How to determine a numpy-array reshape strategy

2024/10/6 10:31:22

For a python project I often find myself reshaping and re-arranging n-dimensional numpy arrays. However, I have a hard time to determine how to approach the problem, visualize the outcome of the results of the reshaping methods and knowing my solution is efficient.

At the moment when confronted with such a problem my strategy is to start ipython, load some sample data and go trial and error until I find a combination of transpose()s, reshape()s and swapaxes()s. which gets the desired result. It gets the job done, but without a real understanding of what is going on and often produces code which is hard to maintain.

So, my question is about finding a strategy. How do you approach such a problem? How do you visualize an ndarray in your head when you have to shape it in the desired format? How do you come to the right actions?

To make answering a bit more concrete, an example to play with:

Assume you want to reshape the following 3d-array

array([[[ 0,  1,  2],[ 3,  4,  5],[ 6,  7,  8]],[[ 9, 10, 11],[12, 13, 14],[15, 16, 17]],[[18, 19, 20],[21, 22, 23],[24, 25, 26]]])

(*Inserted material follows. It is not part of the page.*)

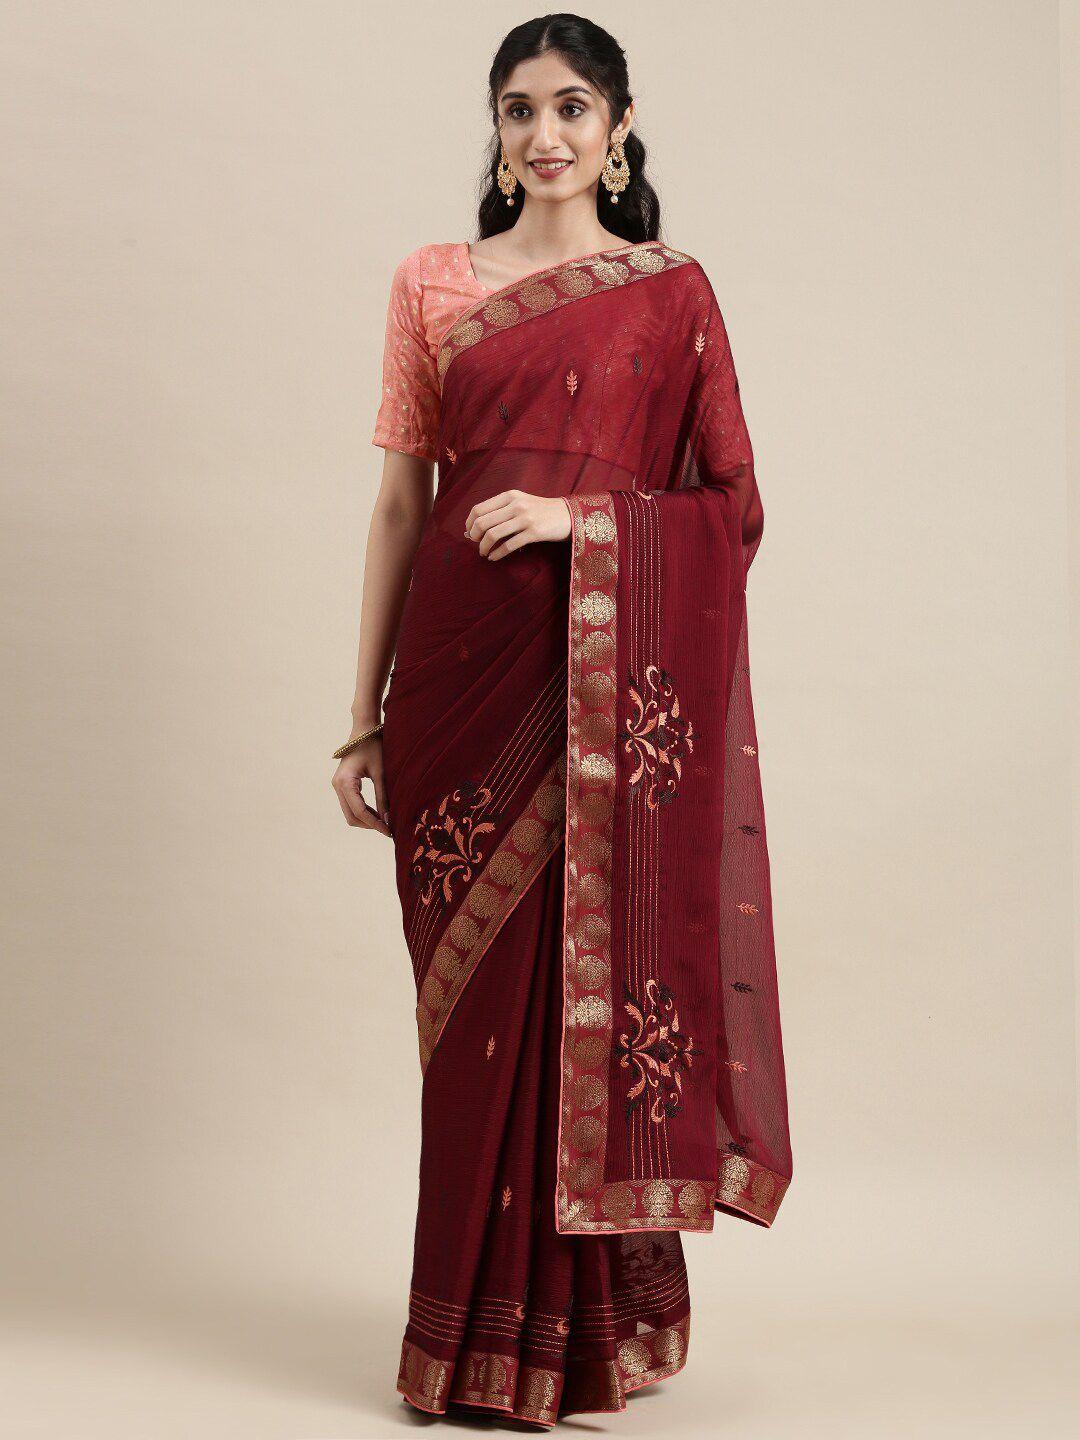 hritika-floral-embroidered-zari-saree

to a 2d-array where the first columns from the 3rd dimension are placed first, the 2nd columns second, ....etc

The result should look like this:

array([[ 0,  9, 18,  3, 12, 21,  6, 15, 24],[ 1, 10, 19,  4, 13, 22,  7, 16, 25],[ 2, 11, 20,  5, 14, 23,  8, 17, 26]])

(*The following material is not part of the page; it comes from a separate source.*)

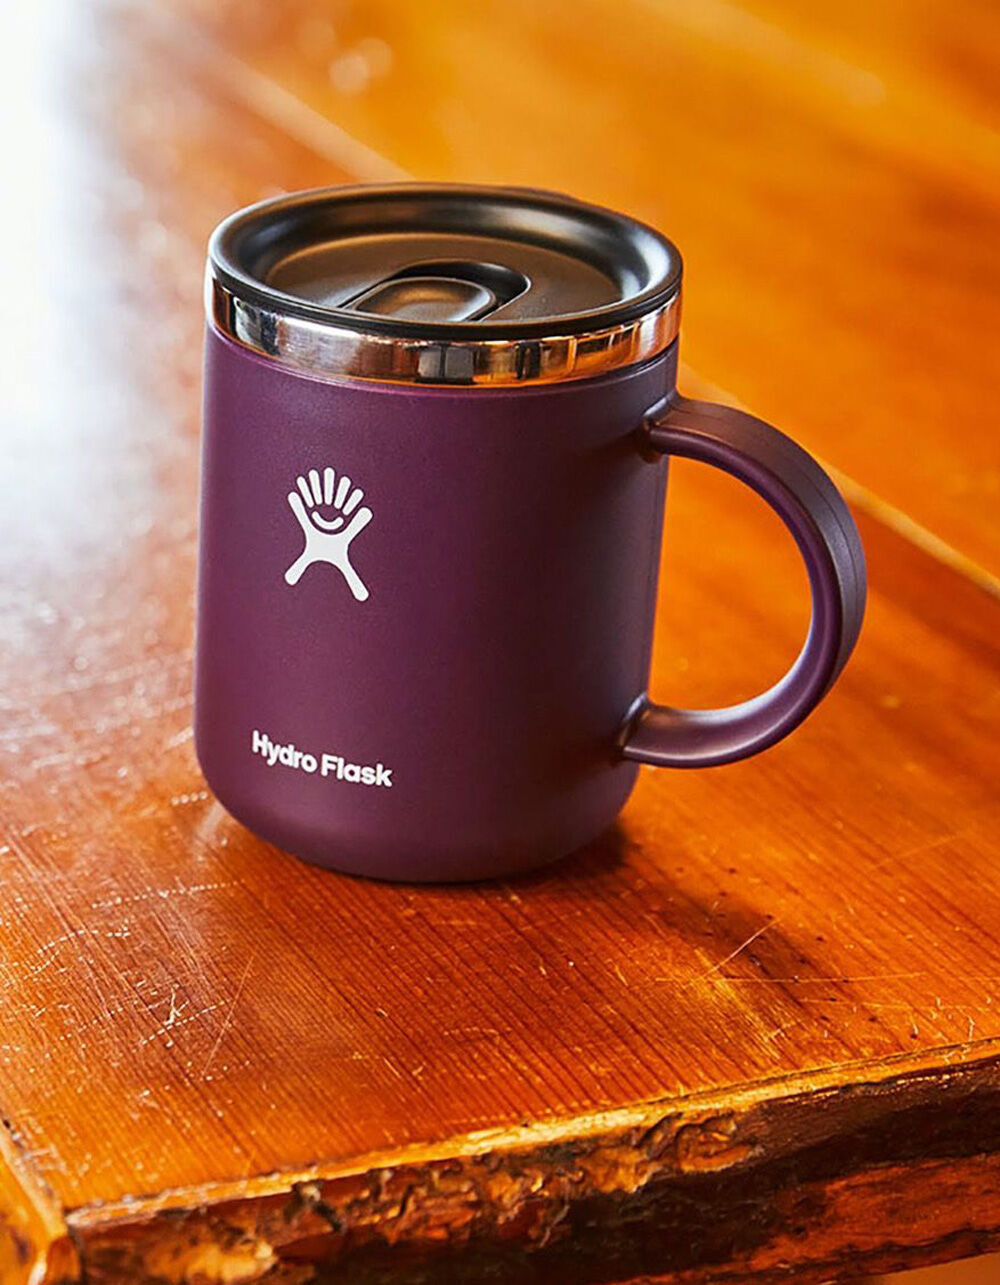 Hydro Flask 12 oz Coffee Mug Rain

PS. also any reading material on the subject would be great!

Answer

I regularly play about with shapes in ipython. However, to make things clearer, I start with array with distinct dimensions.

arr = np.arange(3*4*5).reshape(3,4,5)

That way, it's easier to identify how the axes get shifted, for example:

In [25]: arr.shape
Out[25]: (3, 4, 5)In [26]: arr.T.shape
Out[26]: (5, 4, 3)In [31]: arr.T.reshape(5,-1)
Out[31]: 
array([[ 0, 20, 40,  5, 25, 45, 10, 30, 50, 15, 35, 55],[ 1, 21, 41,  6, 26, 46, 11, 31, 51, 16, 36, 56],[ 2, 22, 42,  7, 27, 47, 12, 32, 52, 17, 37, 57],[ 3, 23, 43,  8, 28, 48, 13, 33, 53, 18, 38, 58],[ 4, 24, 44,  9, 29, 49, 14, 34, 54, 19, 39, 59]])

where as a different transpose (that does not switch the order of 3,4)

In [38]: np.transpose(arr,[2,0,1]).shape
Out[38]: (5, 3, 4)In [39]: np.transpose(arr,[2,0,1]).reshape(5,-1)
Out[39]: 
array([[ 0,  5, 10, 15, 20, 25, 30, 35, 40, 45, 50, 55],[ 1,  6, 11, 16, 21, 26, 31, 36, 41, 46, 51, 56],[ 2,  7, 12, 17, 22, 27, 32, 37, 42, 47, 52, 57],[ 3,  8, 13, 18, 23, 28, 33, 38, 43, 48, 53, 58],[ 4,  9, 14, 19, 24, 29, 34, 39, 44, 49, 54, 59]])

I also like to use 'oddly' shaped arrays like this when developing functions. That way, if I do mess up some transpose or broadcasting, dimensions errors will jump out at me. Experience tells me that once I get the dimensions right, the values will also be correct. Or at least the class of errors that affect values is quite different from those that affect dimensions.

I also liberally sprinkle development code with print arr.shape like statements, or even assert x.shape==y.shape assertions.

It also helps to label dimensions:

M, N, L = 3, 4, 5
np.empty((M,N,L))

or like in einsum

np.einsum('ijk,kj->i', A, B) # if A is (M,N,L), B must be (L,N)

https://stackoverflow.com/a/29903842/901925 is an example of trying to understand and explain rollaxis.

Another strategy is to look at the Python code of numpy functions. Often they accept axis arguments. It's instructive to see how they use those. Sometimes that particular axis is rotated to the front, or to the end. Sometimes a nd array is reshaped into a 2d array, collapsing all axes except one down to one. Other achieve generality by constructing and manipulating an indexing tuple. More advanced functions play with the strides as well as the shape.

Whether a dimension should be first or last is usally an optimization issue - and may involve tradeoffs between ease of use (broadcasting, indexing) and speed. Just keep in mind that for "C" order, the last dimension forms contiguous blocks.